I also think that the effect of "the 1960s" on gays and women's rights needs further elaboration. The latter was clearly an issue that gained much ground during the 1960s. But to what extent it was part of the organized reform movements of that time is a more complicated question. And I'm not aware that gay rights was a significant issue at all in those movements. I would argue that the challenges that arose to conventional assumptions about love and family did create a political and psychological space for gay and lesbian activists. But, historically, "1968" raised issues of gay liberation only tangentially.
And seeing how solidly the Congressional Republicans have supported the Cheney-Bush torture policy I'm just not sure what it means to say that the "amount of sadism in American culture" has diminished since the 1960s. On the contrary, acceptance of the sadism of the Cheney-Bush torture policy among Republican leaders and a good part of the Republican base, the Christian Right especially, is a kind of embrace of sadism that is arguably qualitatively different from what we've experienced before.

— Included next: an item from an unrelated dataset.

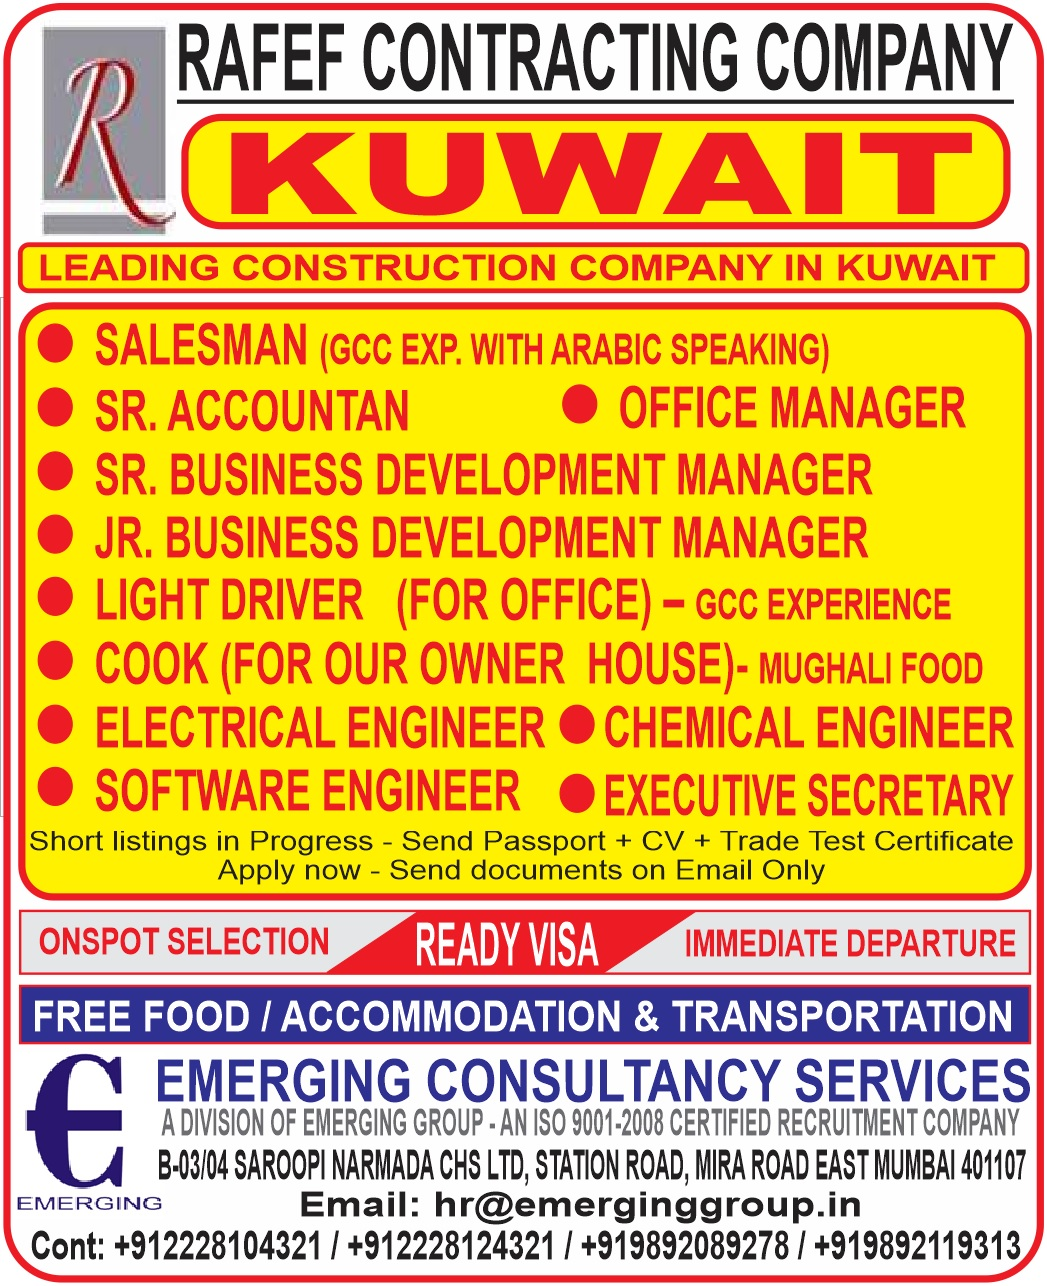 Leading Construction Company - Rafef Contracting Company

Kazin also gives an optimistic but somewhat confusing assessment in the following passage:
The long march of the post-’68 left made its influence felt in many institutions. In the United States, it achieved something close to dominance in two particularly powerful ones: academia and Hollywood. That fact has long alarmed the American Right, and with good reason. [???] The anti-authoritarian, left-populist viewpoint taught in most history, literature, sociology, and government classes shows up, in wittier form, in films and television programs by the likes of Michael Mann, Spike Lee, Michael Moore, Oliver Stone, Matt Groening, and Jon Stewart. And such products of mass culture reinforce the reigning wisdom in colleges. Last year, Harvard, still the symbolic center of higher learning in the United States, confirmed that wisdom when it changed presidents. A well-known feminist historian replaced a well-known centrist male economist who had been accused of making sexist remarks, and nearly everyone in academia was pleased. (my emphasis)Before agreeing that the rightwingers have "good reason" to be alarmed about the alleged leftwing influences in Hollywood and academia, I would need to know something more specific about both. Do most "history, literature, sociology, and government classes" in the US teach an "anti-authoritarian, left-populist viewpoint"? I doubt very seriously that such a generalization could be well supported. Unless maybe we assume that just some exposure to such ideas would be considered teaching that viewpoint, which is not what most readers are likely to take from Kazin's statement there.
All in all, Kazin's short essay leaves a confusing impression. He winds up trying to make some large generalizations without giving any real definition of what is understood by "1968", which could be the student-worker uprising in France that year and also the election of Richard Nixon and the beginning of his Southern Strategy or a number of other things. What's left is kind of a vague reflection on the state of the so-called culture war.